[Saved entries]
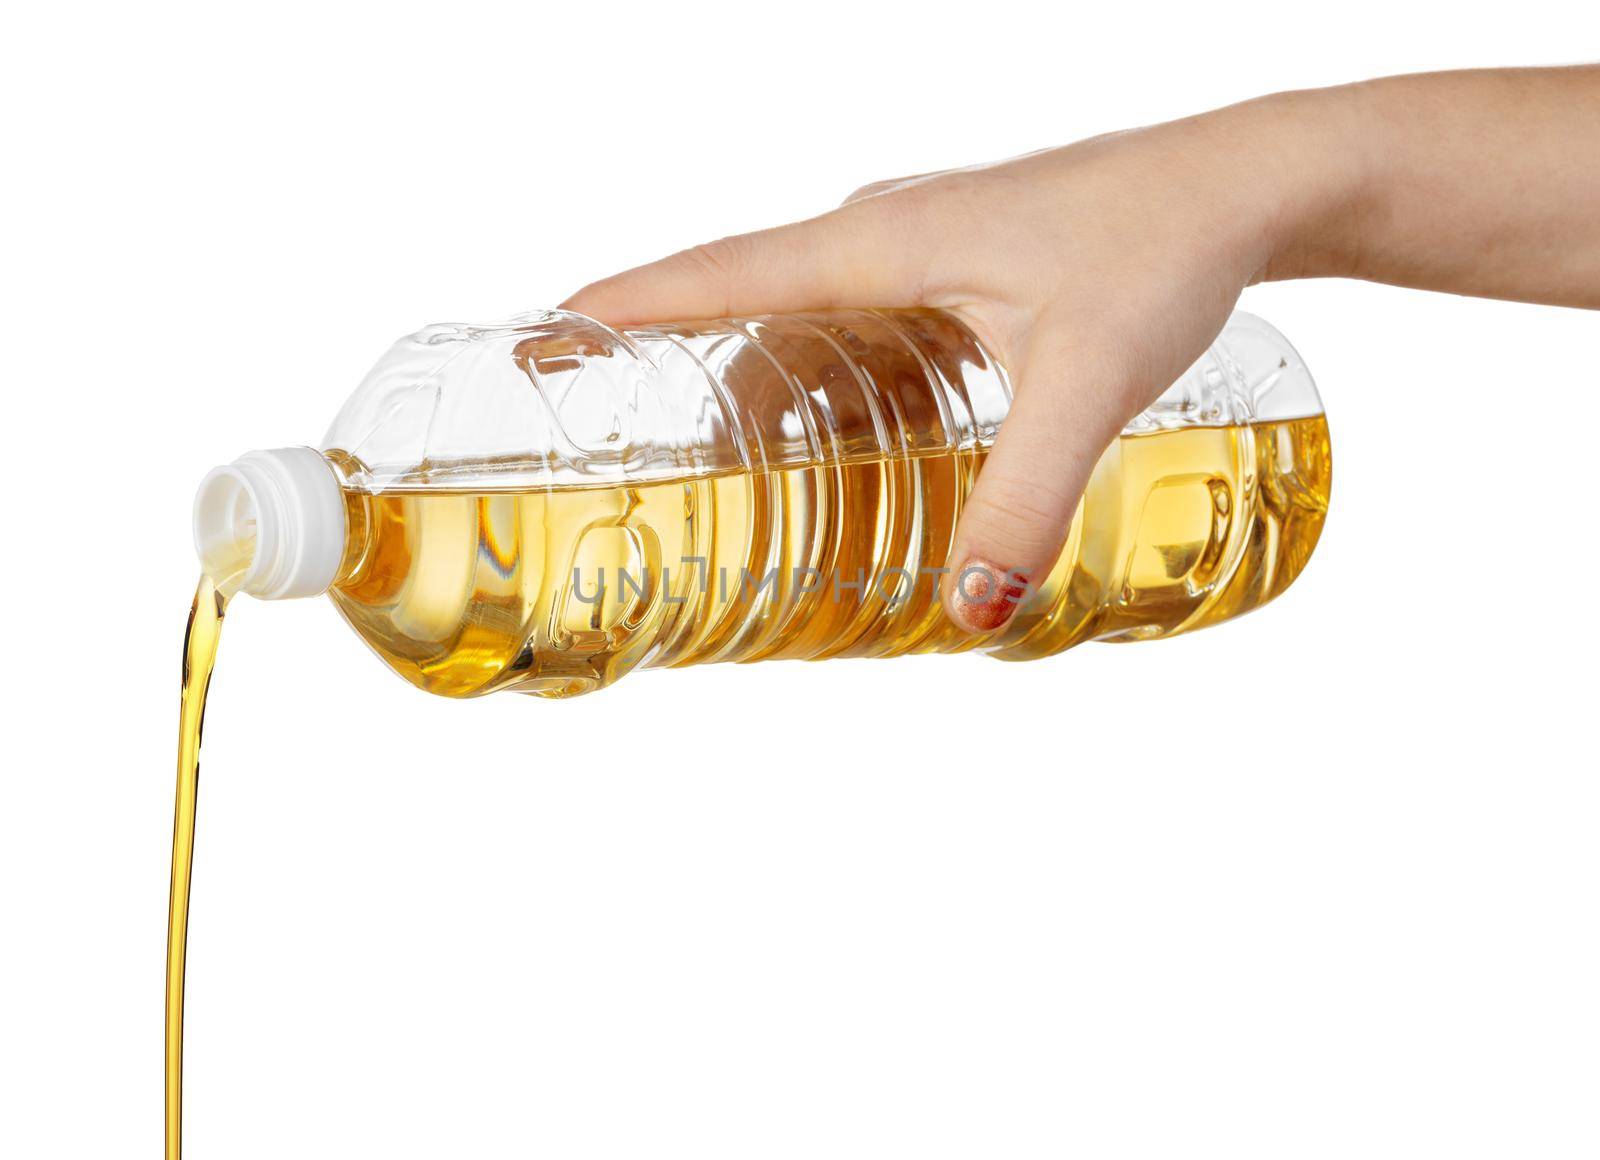 Hand of woman pouring cooking oil from plastic bottle. Isolated on white background. Close up.
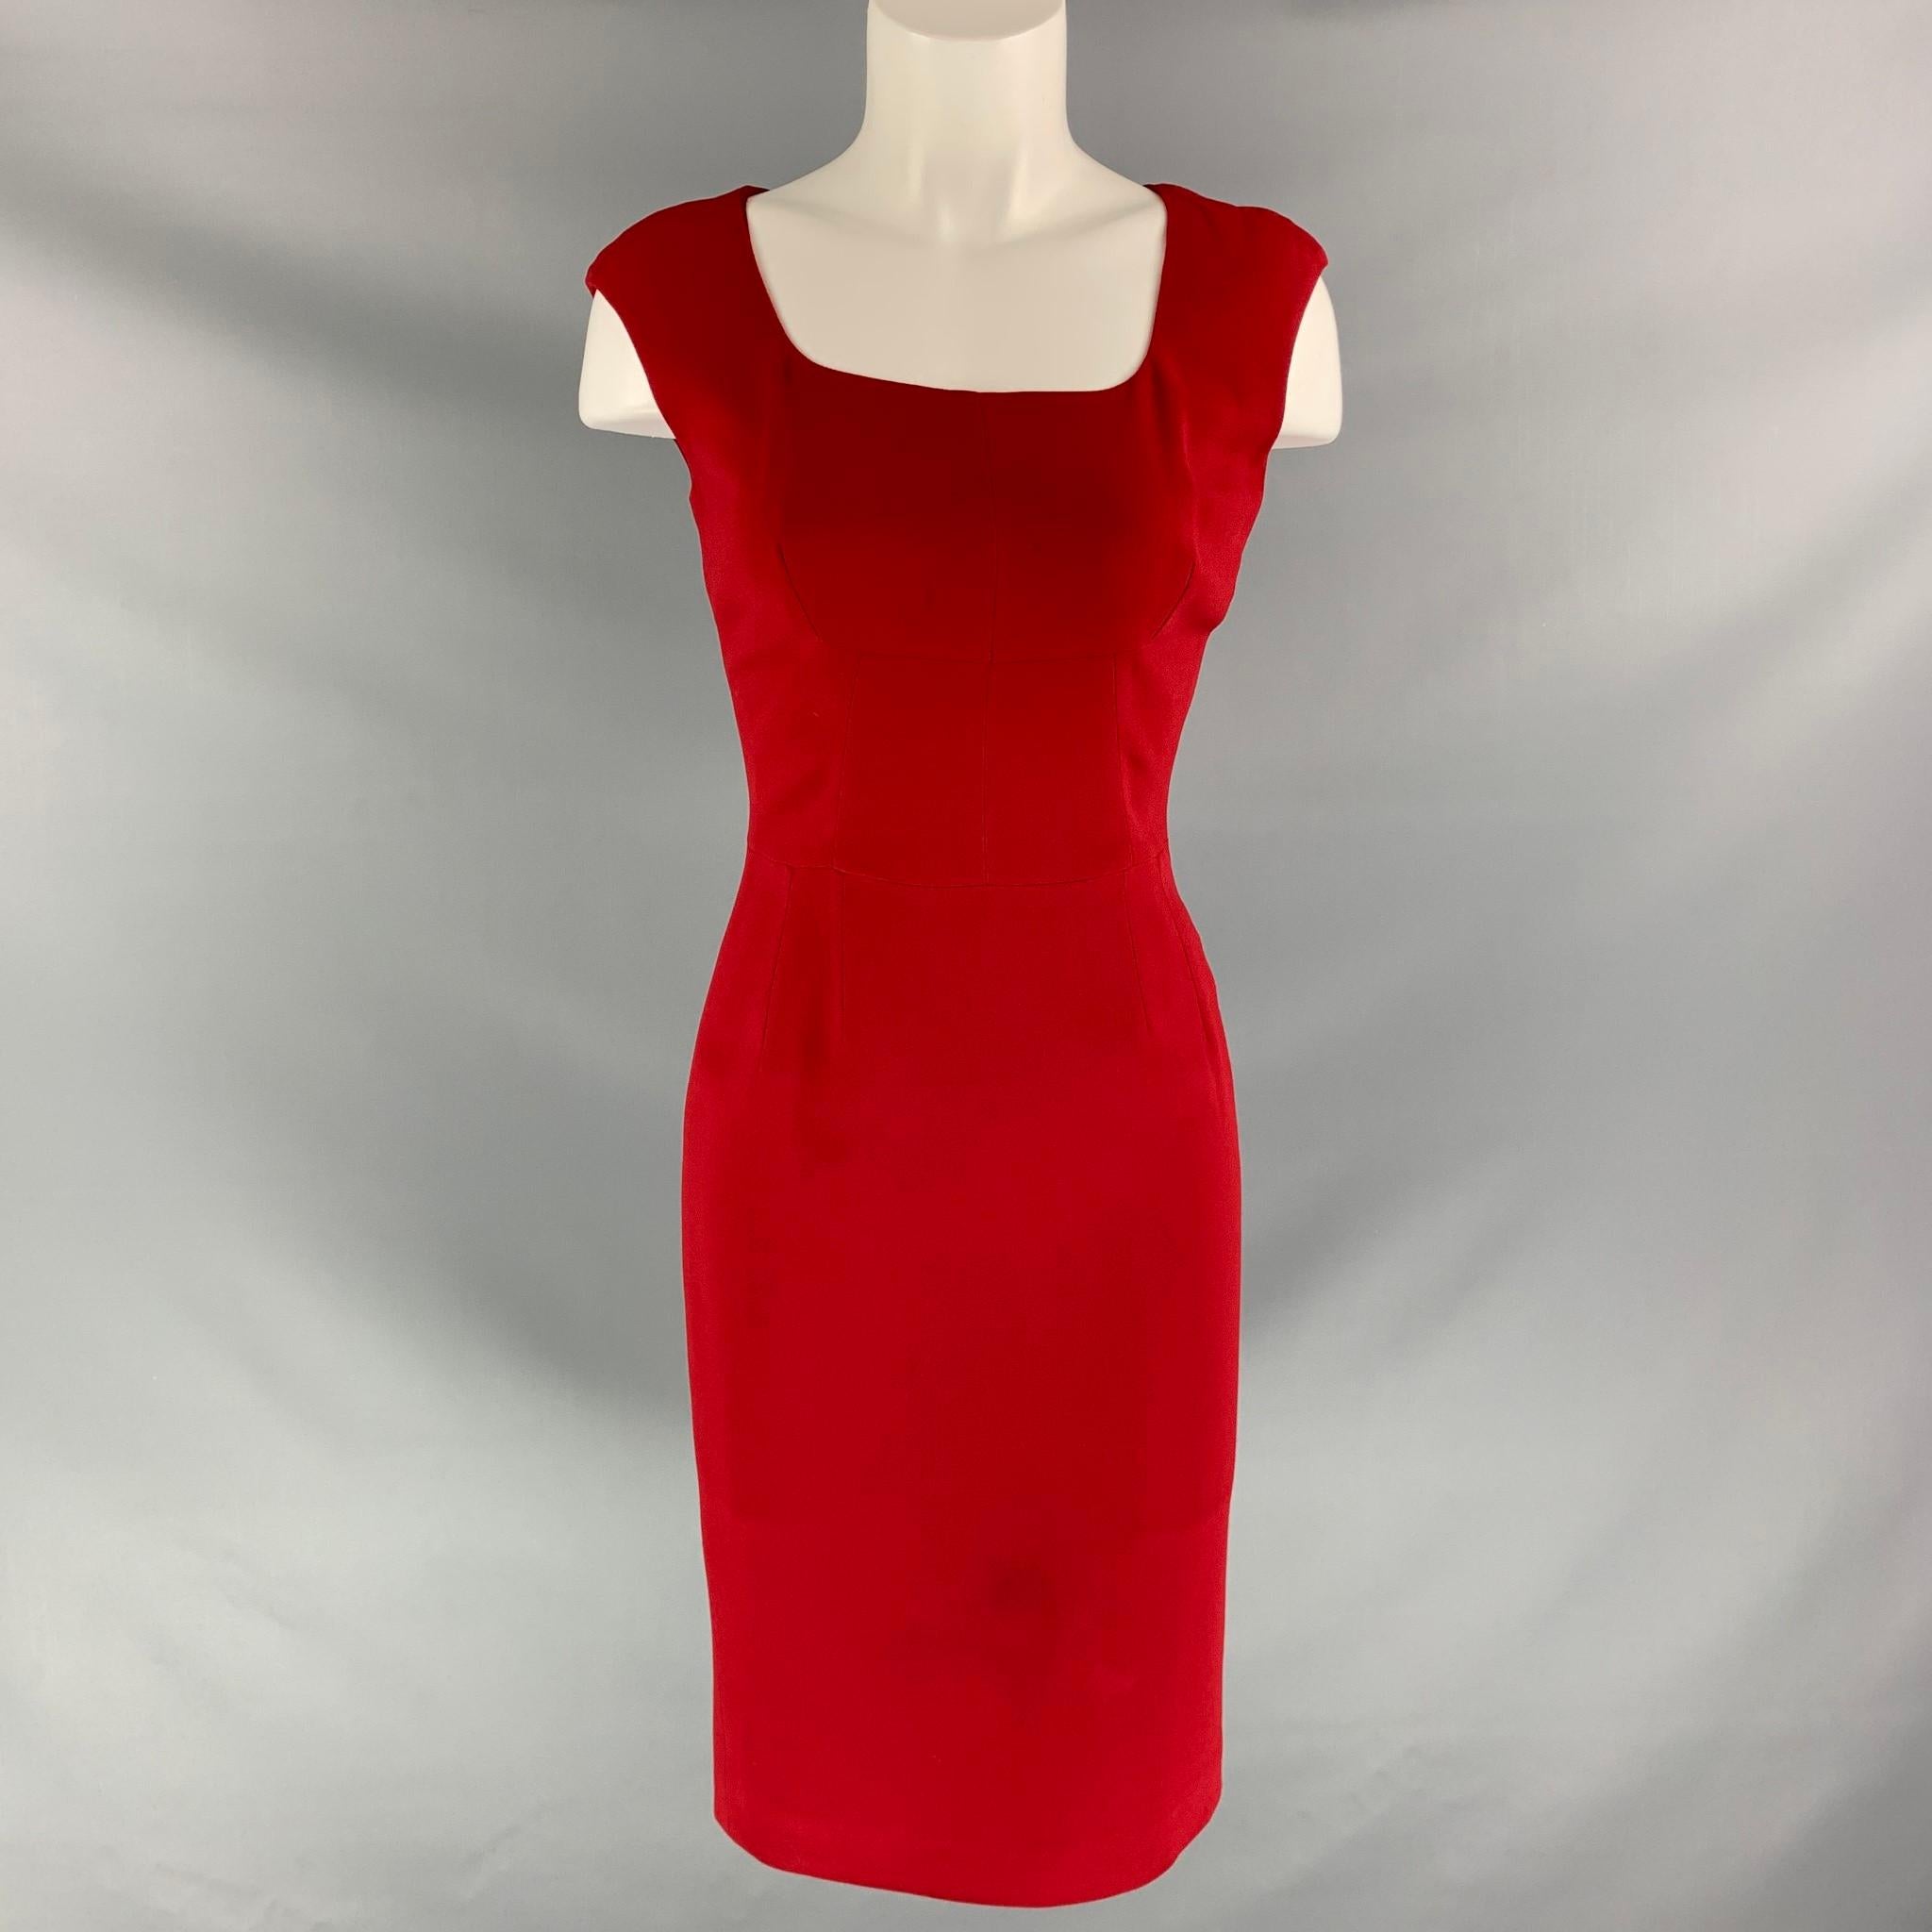 DOLCE & GABBANA mid-calf dress comes in red viscose blend fabric, full zip closure at back, satin lined and scoop neck.

Fair Pre-Owned Condition. Moderate marks and discoloration at bottom, near to neck line and back.
Marked:
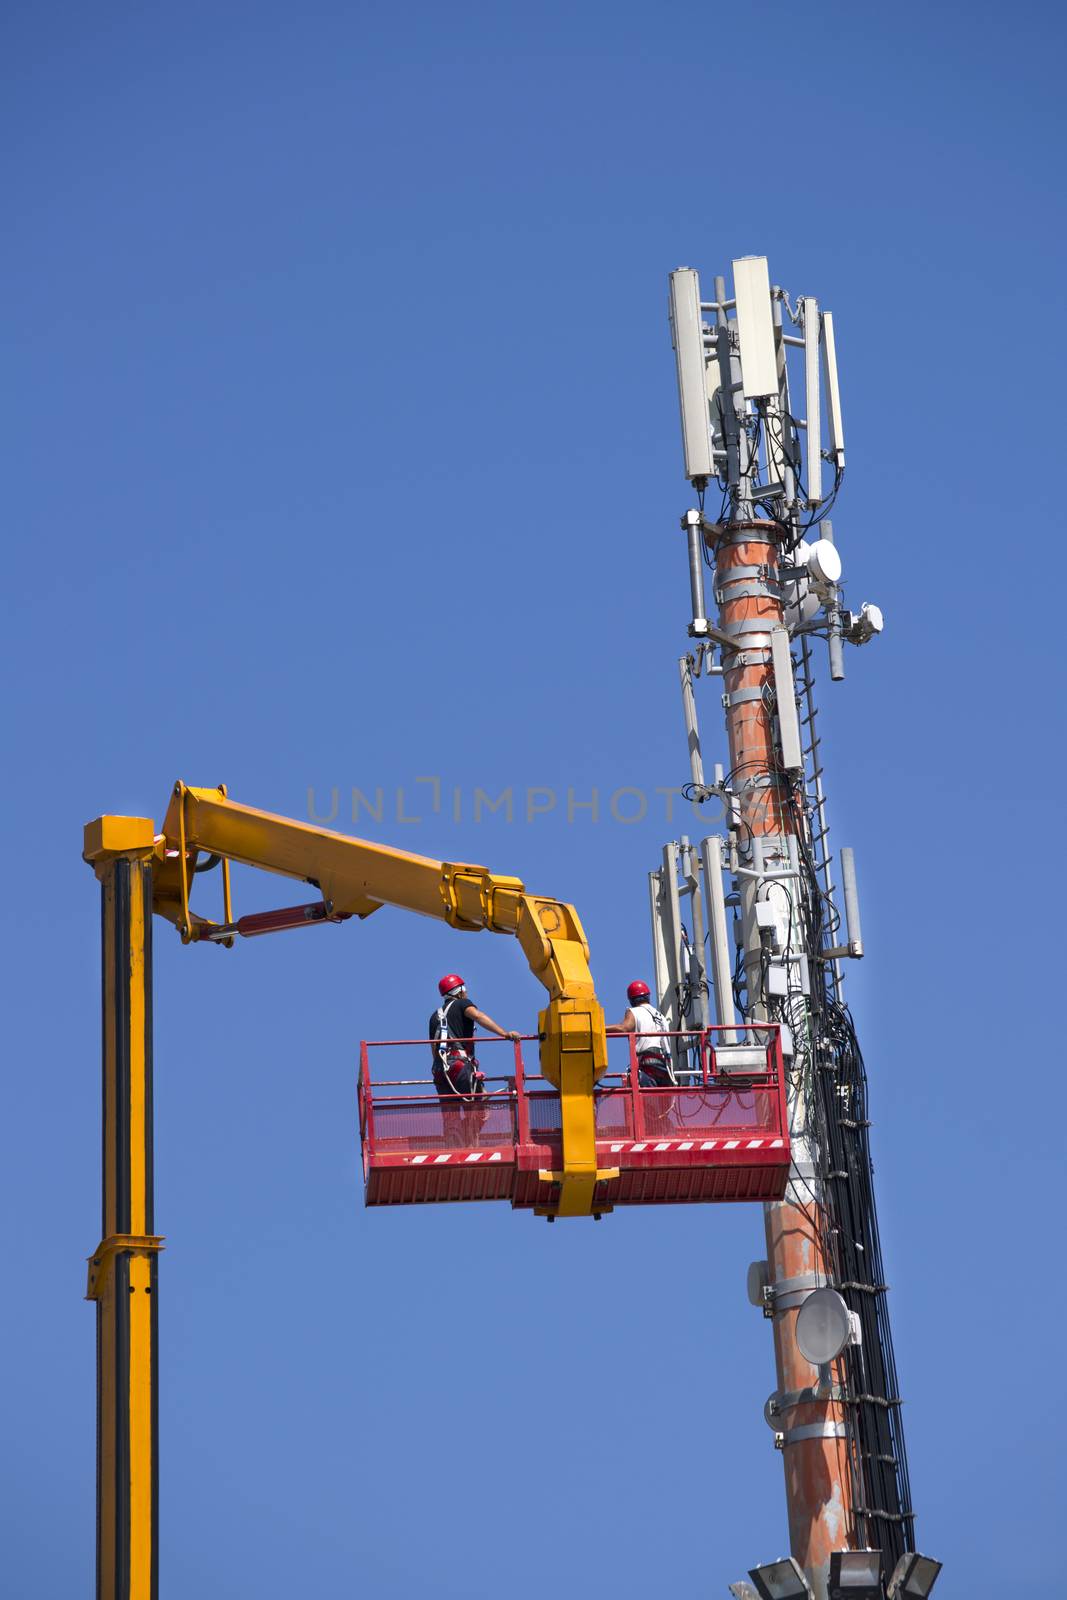 Maintenance to an antenna for communications  by fotografiche.eu

→ **Your task**:
Pictures stay out of the copy; please restate every record above exactly.

→ **Solution to the exercise**:
 Hand of woman pouring cooking oil from plastic bottle. Isolated on white background. Close up.
 DOLCE & GABBANA mid-calf dress comes in red viscose blend fabric, full zip closure at back, satin lined and scoop neck.

Fair Pre-Owned Condition. Moderate marks and discoloration at bottom, near to neck line and back.
Marked:
 Maintenance to an antenna for communications  by fotografiche.eu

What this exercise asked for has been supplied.